所以太傅虽与他有多年的师生情谊,但他们的感情却并不深厚,甚至有些淡漠。
皇甫临渊纵使再优秀,再天资聪颖,当时也只是个心性还没成熟的孩童。
他害怕犯错,每次犯错都只会招来变本加厉的责难。
长久的压抑之下,皇甫临渊的心境早已破败不堪,急需年长之人的引导。
但他的父皇难得现身露面也总是沉着一张脸,每次都是奔着挑他错处的目的而来。
「第一次犯悸症时,我还以为自己要死了。
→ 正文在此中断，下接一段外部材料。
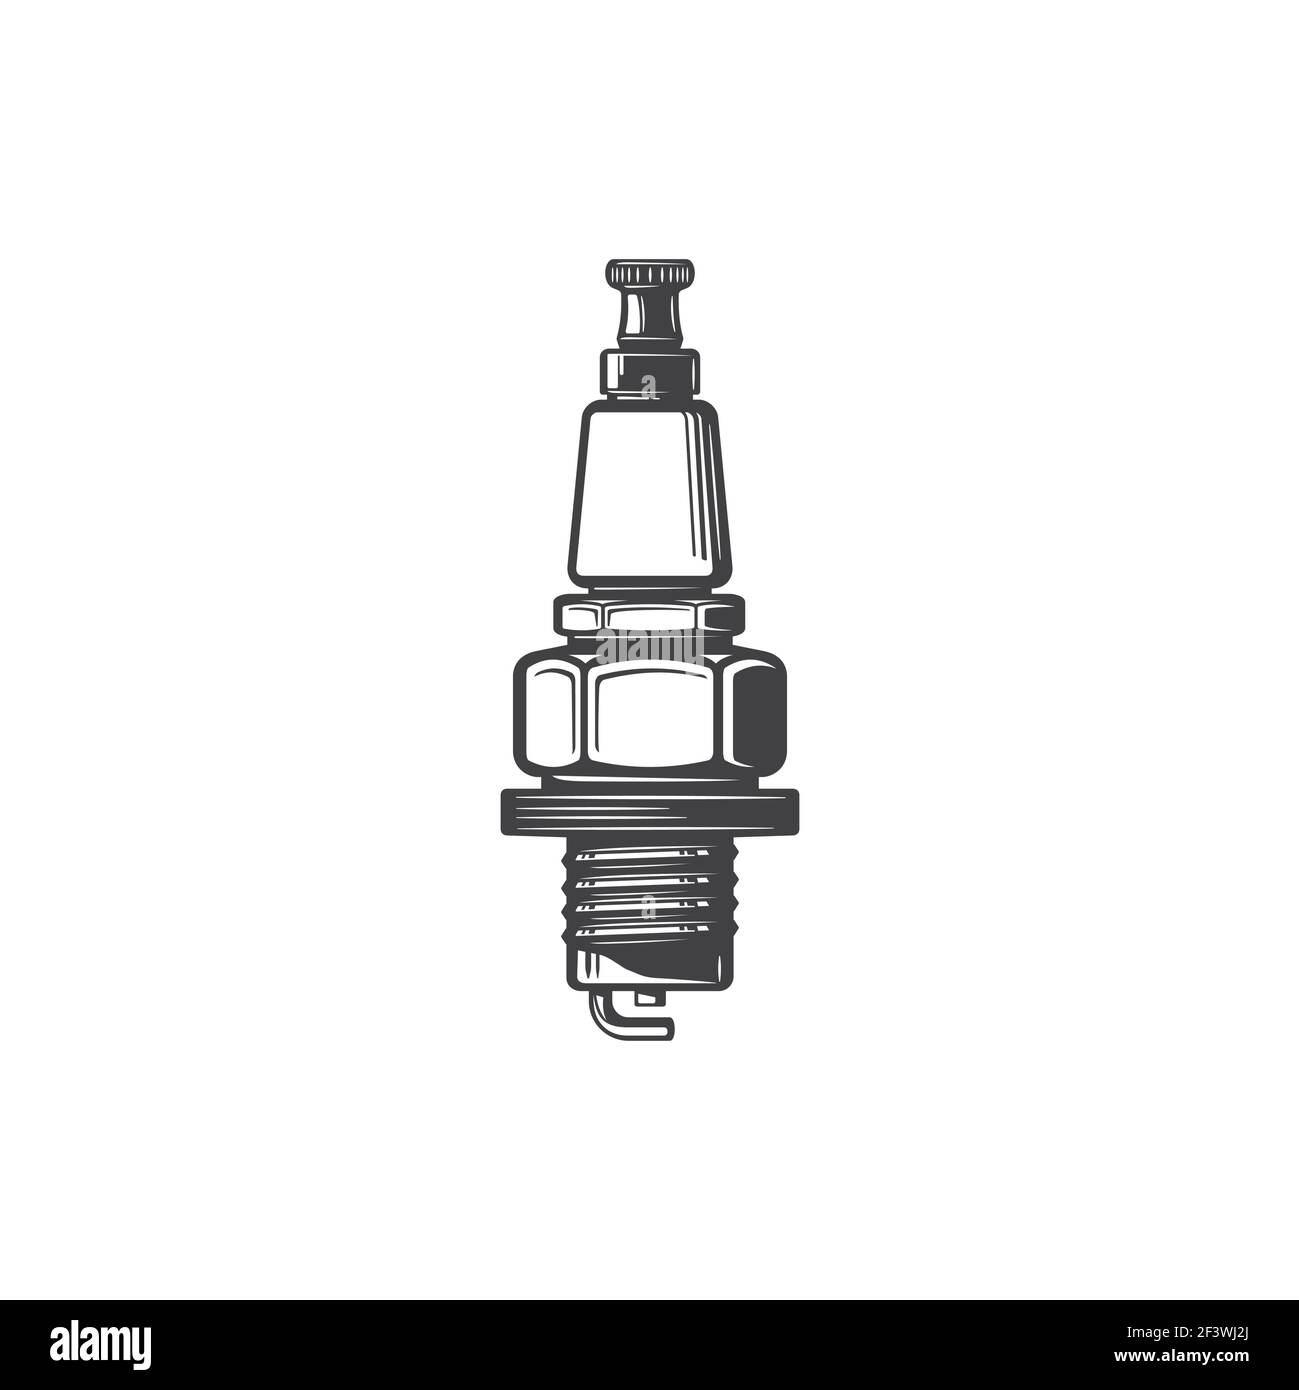 Spark plug of internal combustion candle, automotive maintenance sign isolated monochrome icon. Vector parking plug delivering electric current in veh Stock Vector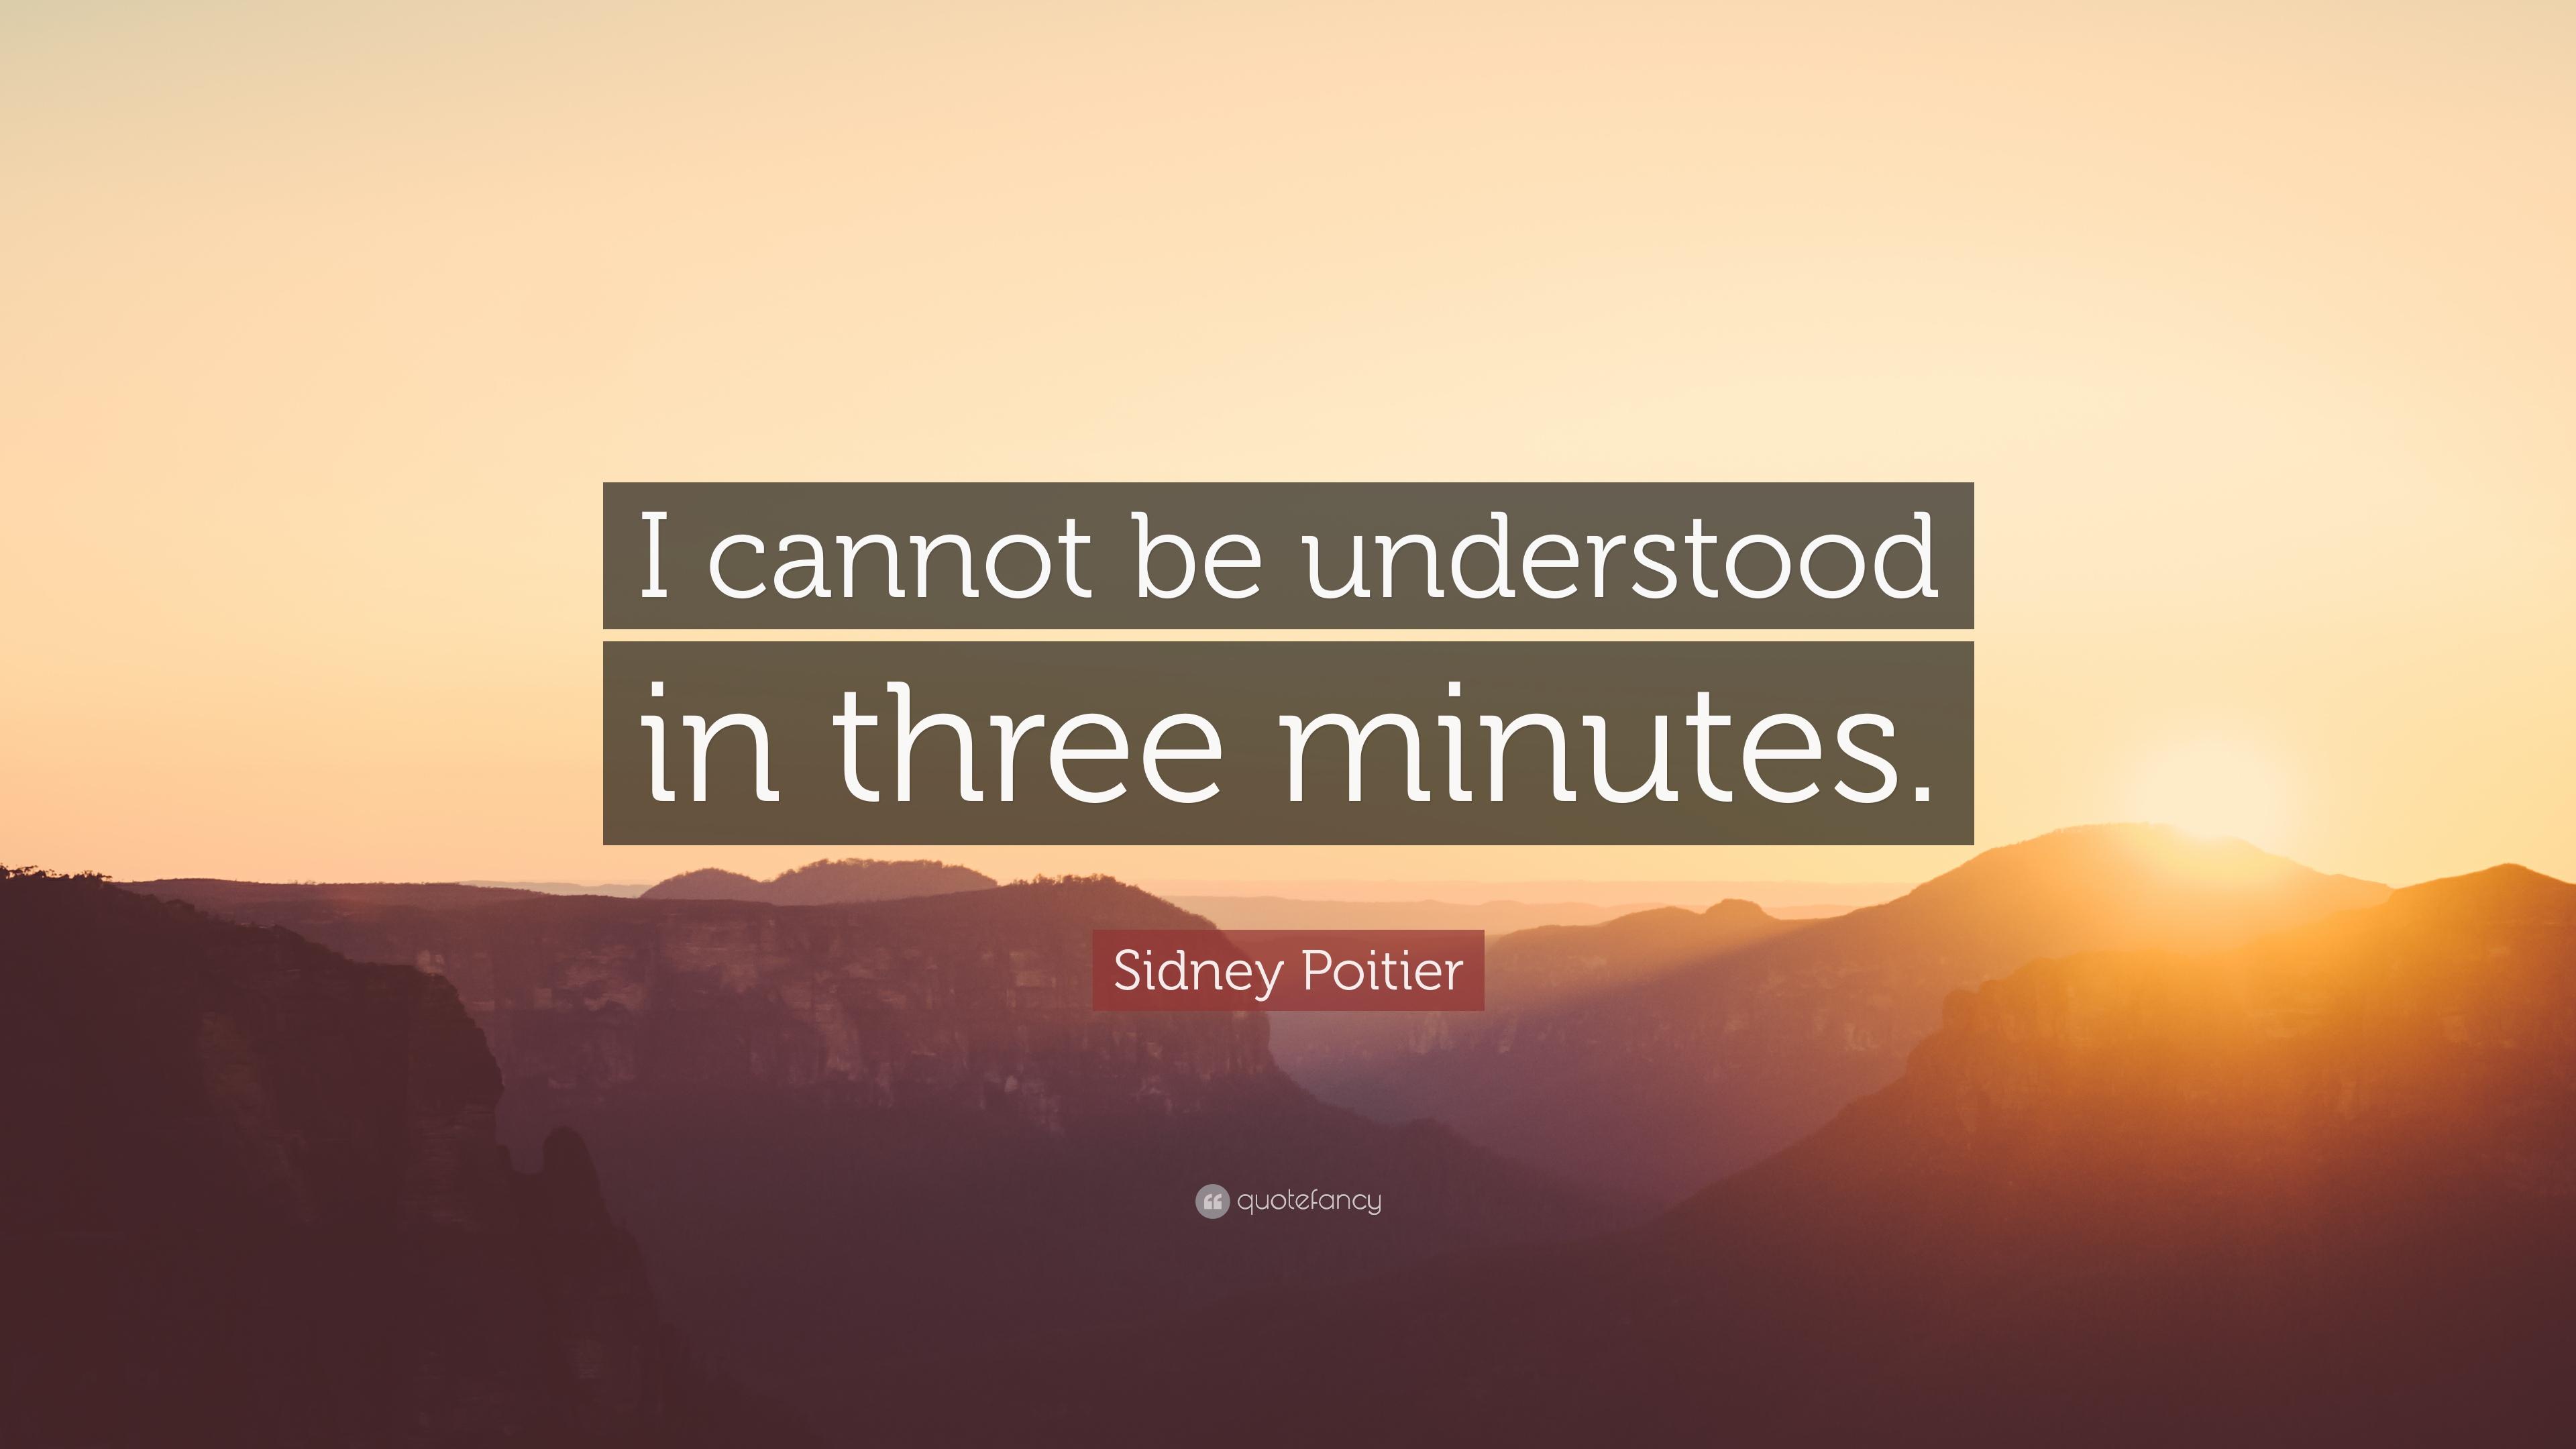 Sidney Poitier Quote: “I cannot be understood in three minutes.” 7

」
那日他被关在寝殿内受罚,直到完成耽搁的课业为止都不得用膳就寝。
年幼的他执笔伏在桌案前,写着写着就到了深夜。
他转眸看向堆积在桌案上的课业,父皇的责难声竟凭空传来。
笔杆滑落,墨水溅了一身,彼时与他同处一室的只有太傅,可他却只漠然地投来视线,眼底含着诘问。
就在那一刻,父皇的脸和太傅的脸好像重叠在了一起……皇甫临渊的心跳骤然加速,心脏险些就要从胸腔当中跳出来。
太傅终於慌了,上前查看之时,皇甫临渊已经喘不过气了。
好在他的母后听闻他受罚到深夜的消息,不顾阻碍只身闯入殿内,一把将倒在地上苟延残喘的他给圈在了怀里。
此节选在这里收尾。